Let me be clear: investing in biotech stocks isn’t for everyone. Investing in smaller biotech companies requires research, patience, and risk tolerance. Investing in A-rated biotech stocks offers high return potential if they make significant advancements in health care.
Biotech stocks represent companies that are involved in the research and development of drugs, therapies and medical devices. They include companies that work in fields such as genomics, biopharmaceuticals, bioinformatics and medical diagnostics.

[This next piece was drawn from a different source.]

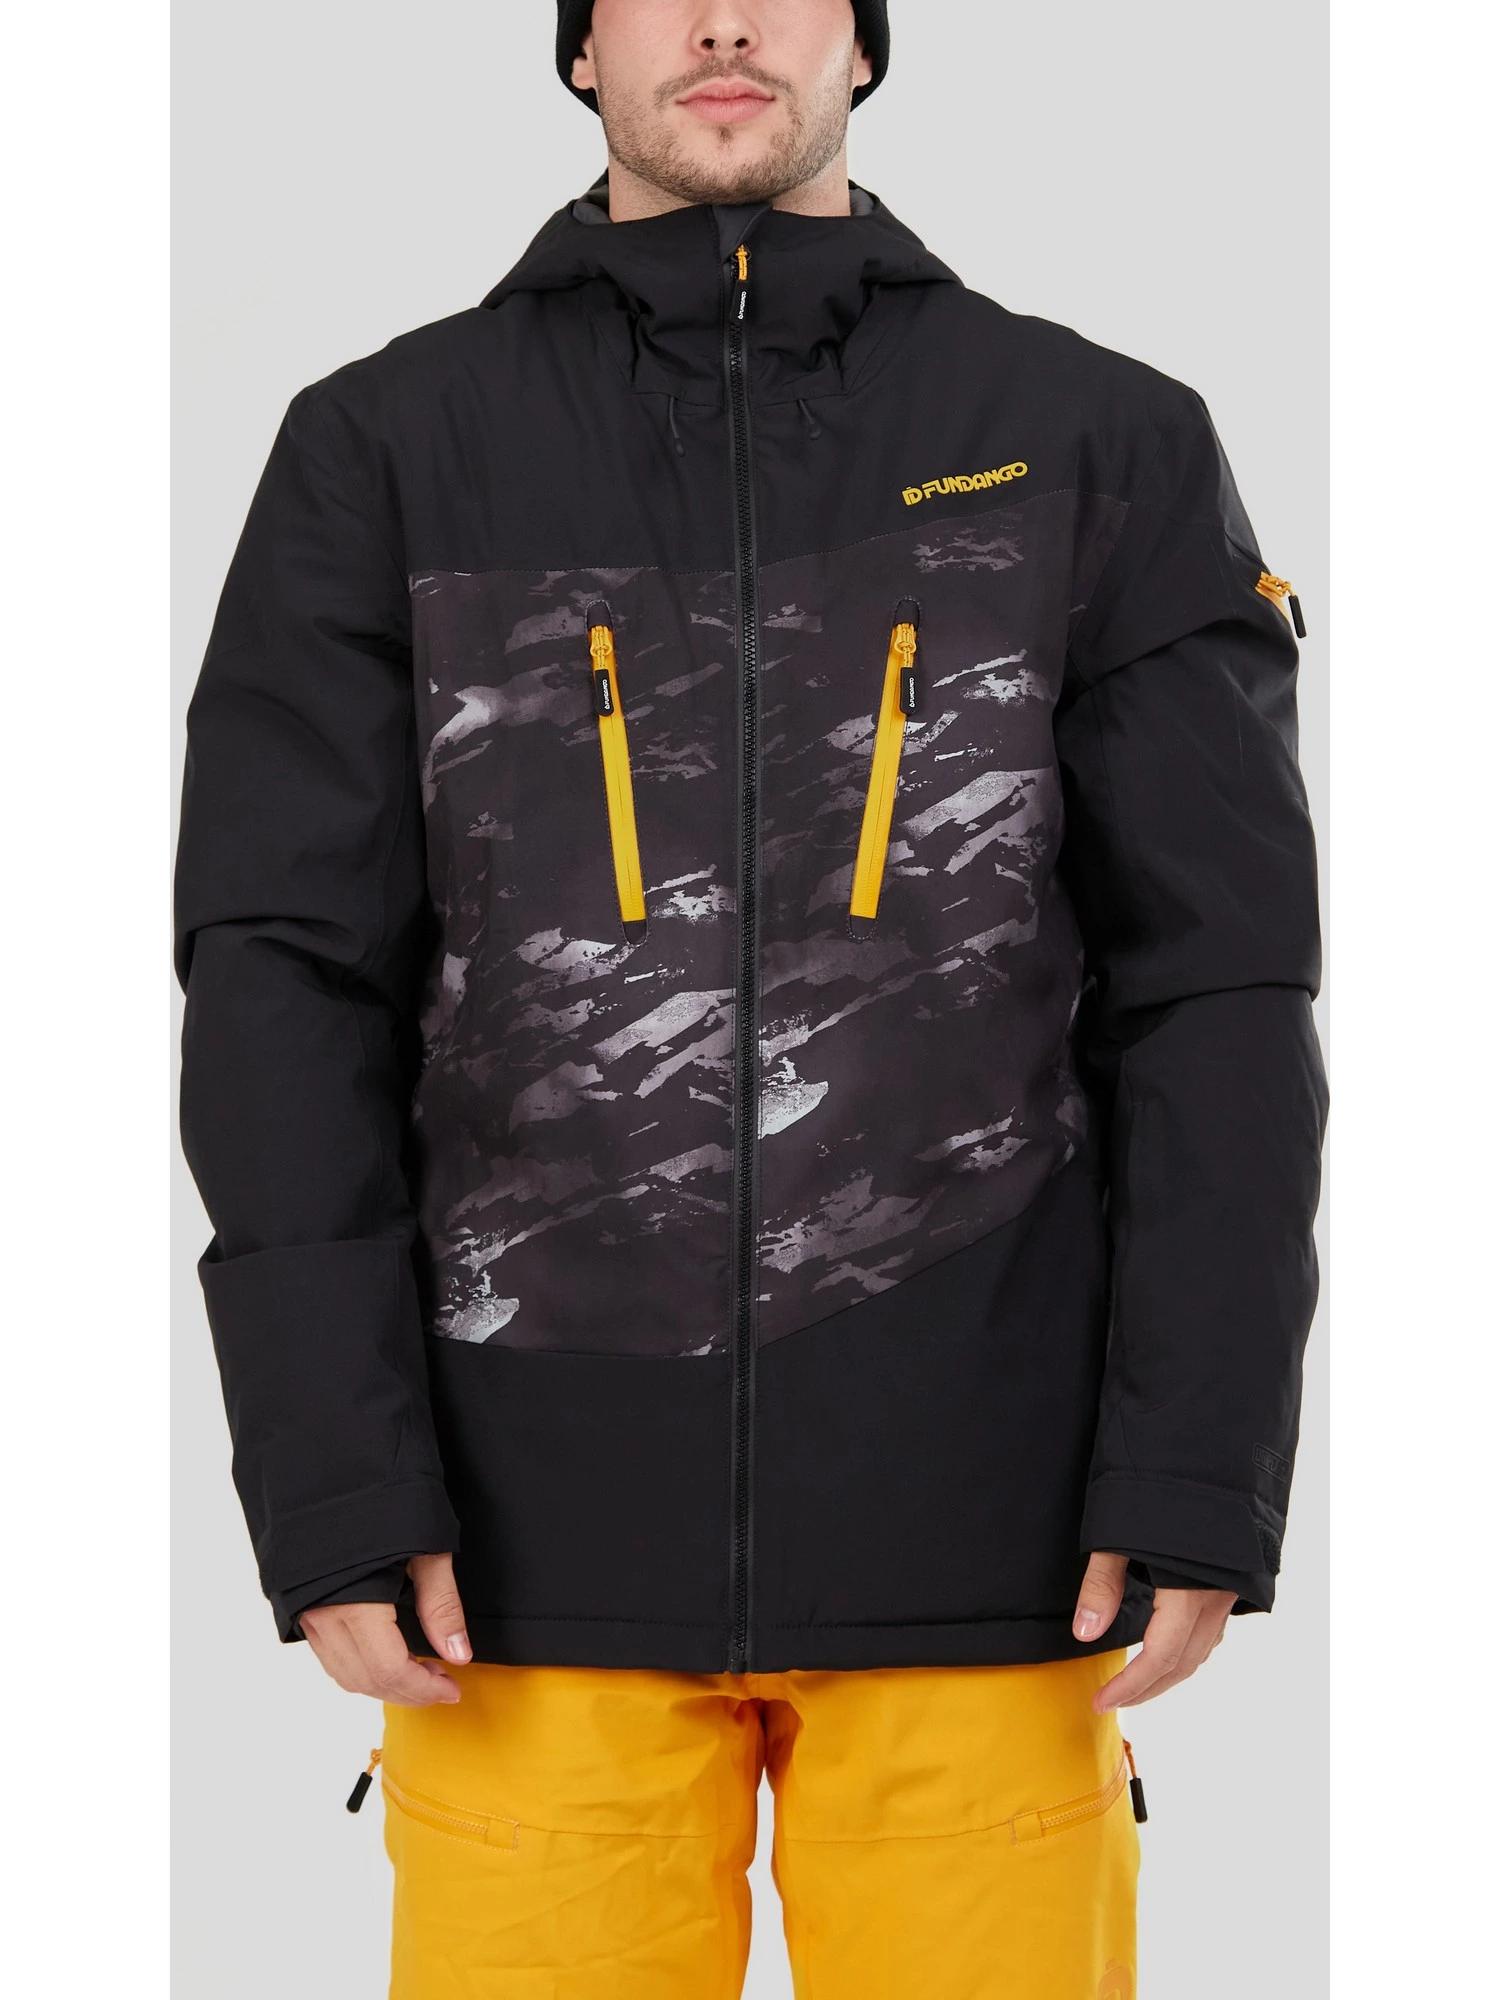 Куртка Fundango для мужчин, горнолыжная, размер S, 1QAD102, чёрная, камуфляж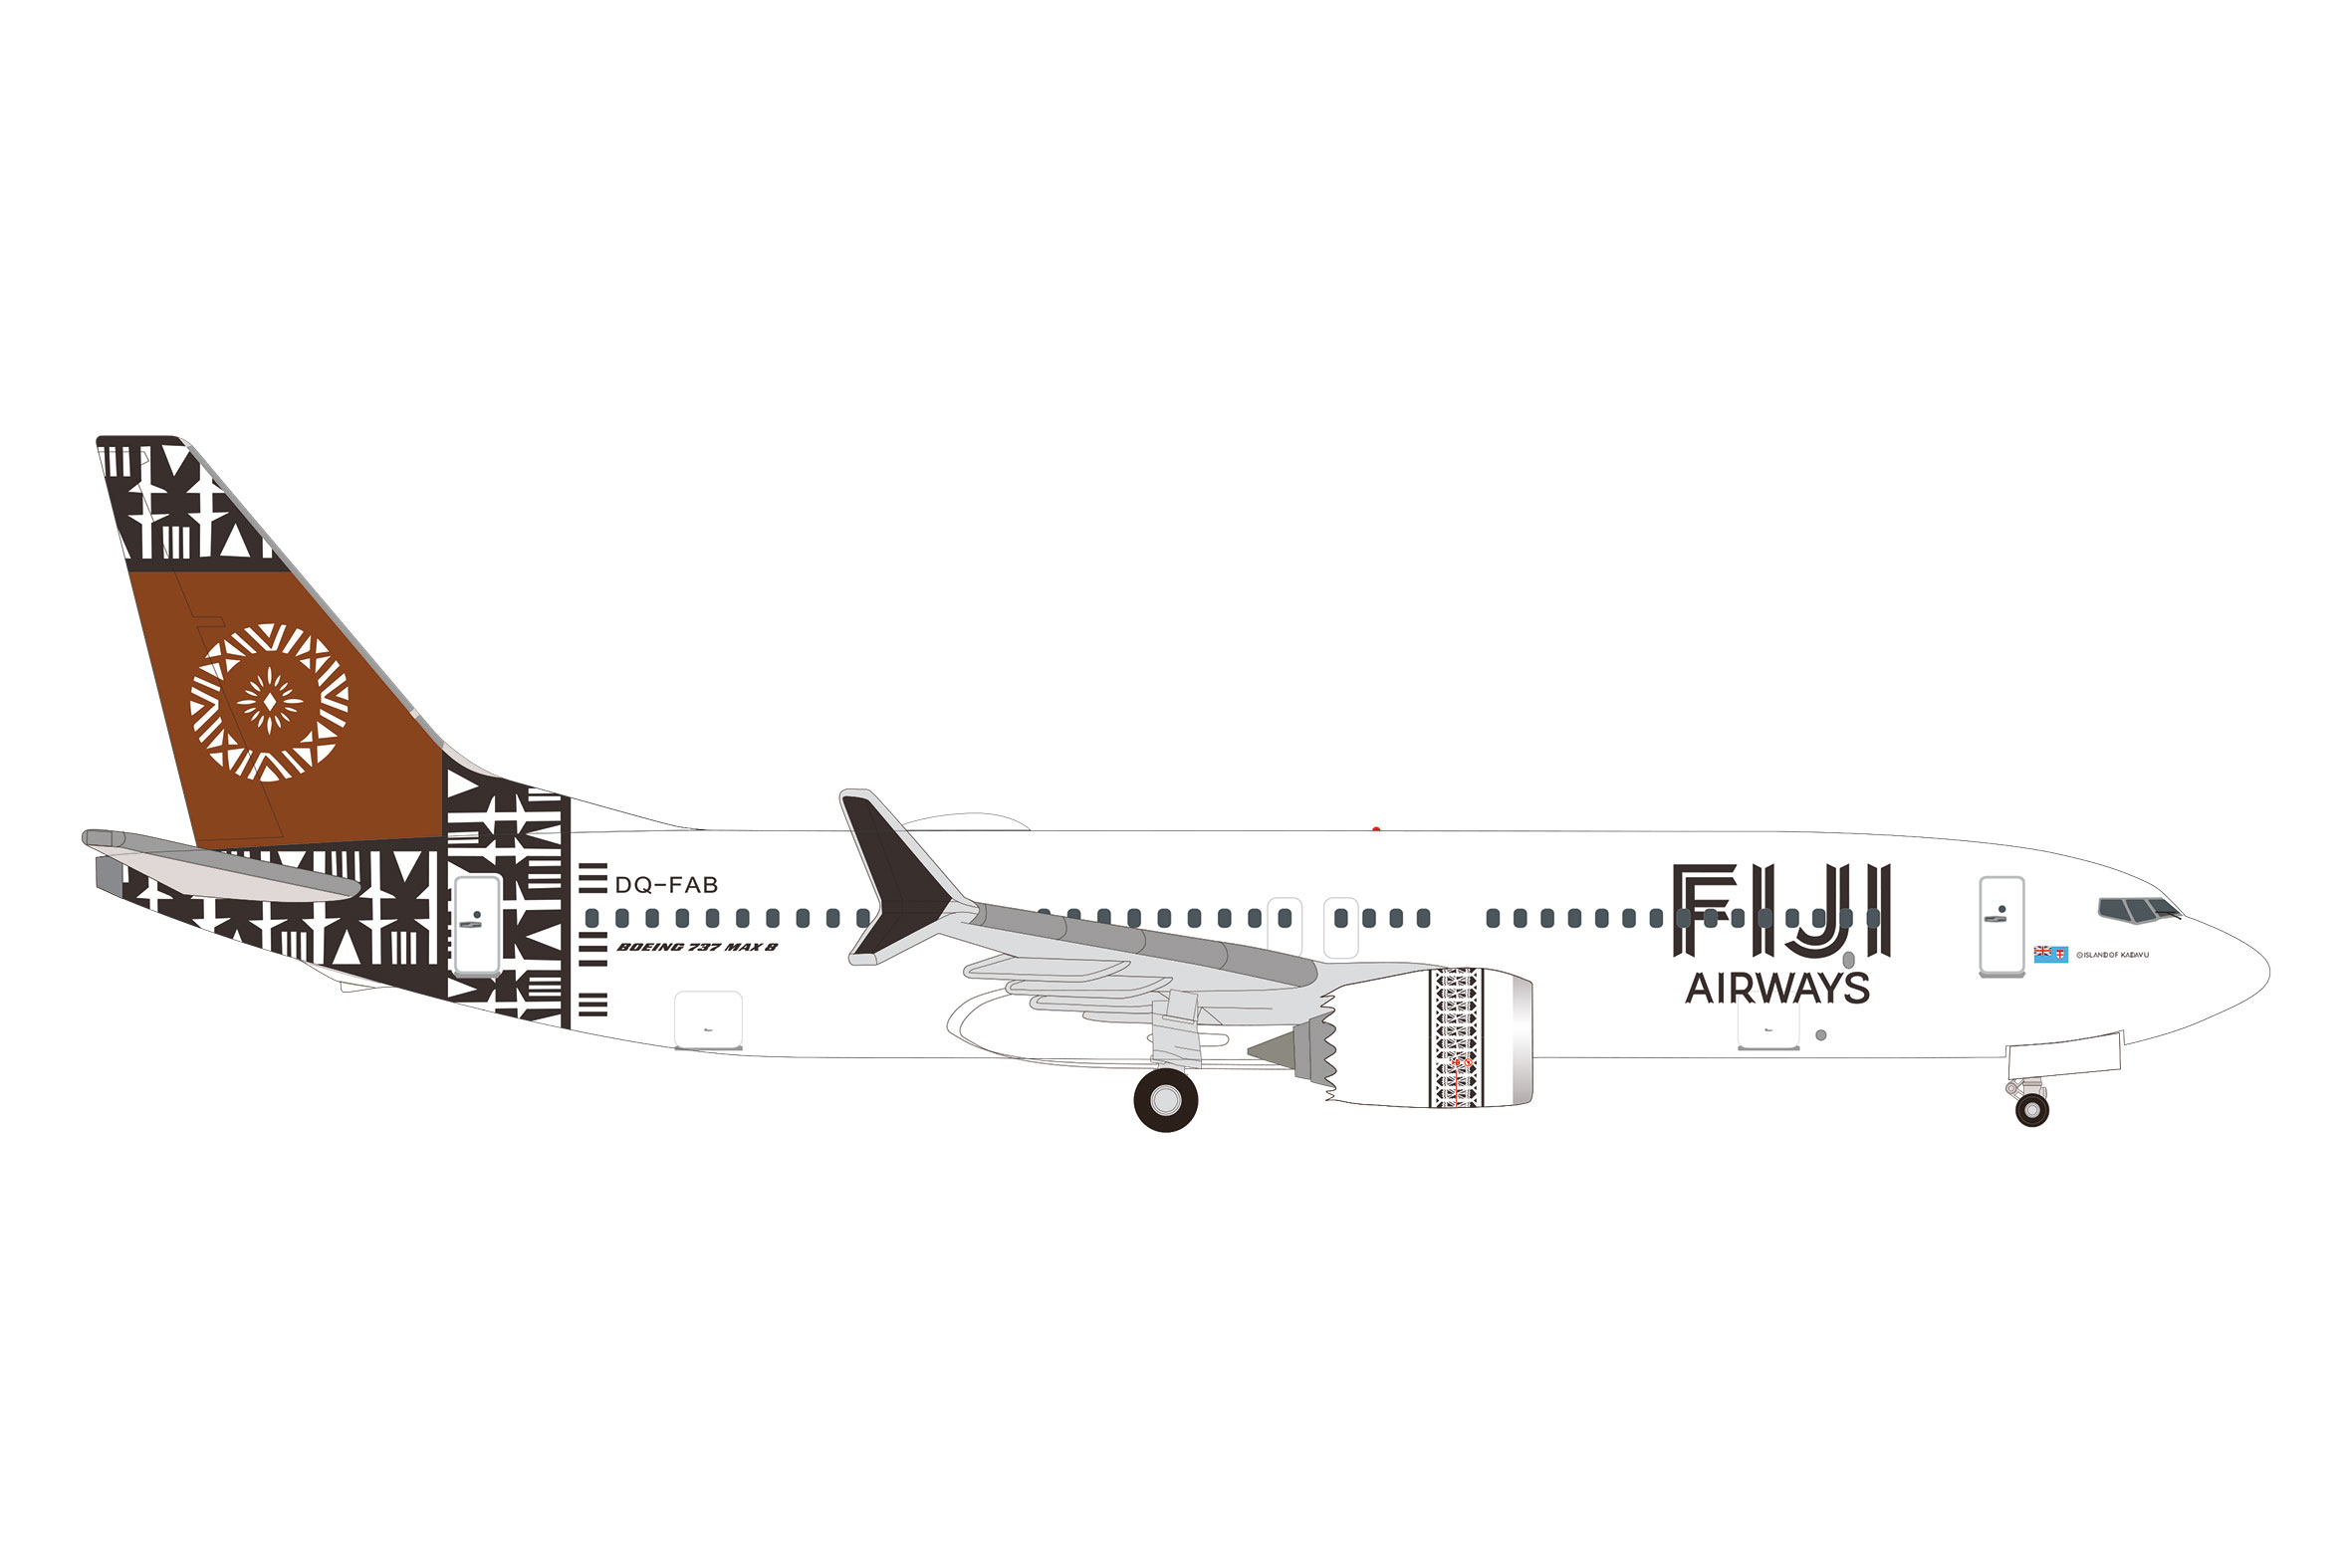 Fiji 737 Max 8 - "Island of Kadavu" Reg.:  DQ-FAB

A-rated biotech stocks are highly coveted because they are at the forefront — or in the midst of — groundbreaking innovation.
A biotech company that wins regulatory approval for a new drug can see a huge increase in stock price, providing lucrative returns to investors and billions of dollars in annual profit for the company.
But remember — bringing a drug to market costs a lot of money. Biotech stocks must absorb high research and development costs through laboratory research, preclinical trials and multiple phases of clinical trials.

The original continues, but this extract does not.